Dear David- My husband was diagnosed with stage 4 esophageal cancer with lymph node involvemnt in the neck, chest, and stomach on 3/5/16. The doctors have estimated 12-15 months with chemo & radiation. He is currently on extended and short release morphine for pain and he is experiencing bloating in the stomach.
He will begin his first round of chemo on 3/11/16 with 2 IV drugs ( Epirubicin & Oxaliplatin) and 1 pill form (Xeloda). This is to try and shrink the lymph nodes and then possible radiaiton to shrink the tumor.
I was wondering at this point what natural vitamins and supplements would be beneficial to him to begin taking along with the chemo & radiation. T
Hi Tracy-
I am sorry to learn of your husband’s EC diagnosis.
I will be direct with you. If you follow only conventional oncology therapies (chemo and radiation as you describe below) you and your husband will adhere to the averages and prognosis offered to you by your oncologist.
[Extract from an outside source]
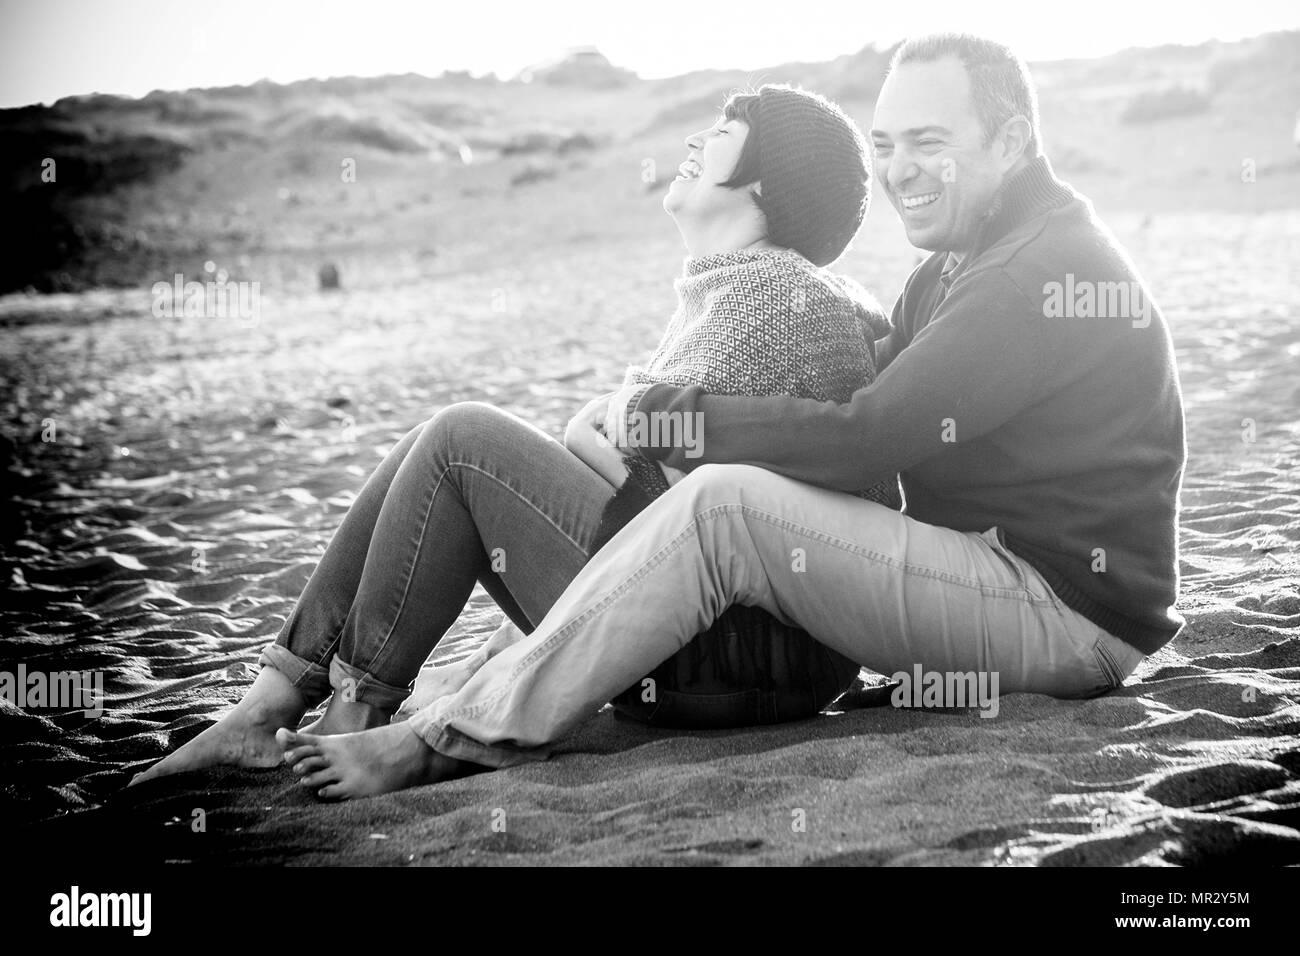 Lindo al hombre y a la mujer de mediana edad a divertirse en el amor a la playa exterior. actividades de ocio y gran sonrisa y reír por la srita. El hombre abrazarla. ro Imagen De Stock

I will present studies below about those integrative supplements that enhance the chemo while reducing toxicity of your chemotherapy and radiation. Please understand that these two chemotherapies are extremely toxic. See the examples below
Epirubicin is a class of chemotherapy called anthracycline. Highly toxic. Curcumin, omega 3, other supplements are integrative as well.
No one can offer you a cure. My point is to enhance chemotherapy while reducing side effects.
Let me know if you have questions.
Hang in there,
David Emerson
- Cancer Survivor
- Cancer Coach
- Director PeopleBeatingCancer
Recommended Reading:
oxyplatin- curcumin
“Despite the efficacy of fluoropyrimidines and oxaliplatin-based chemotherapy for patients, this treatment leads to significant patient inconvenience, toxicity, and cost.
This study aims to validate a nontoxic agent, curcumin, to the current chemotherapeutic regimen. In in vitro experiments, curcumin induced apoptosis in gastric cancer cell line BGC-823.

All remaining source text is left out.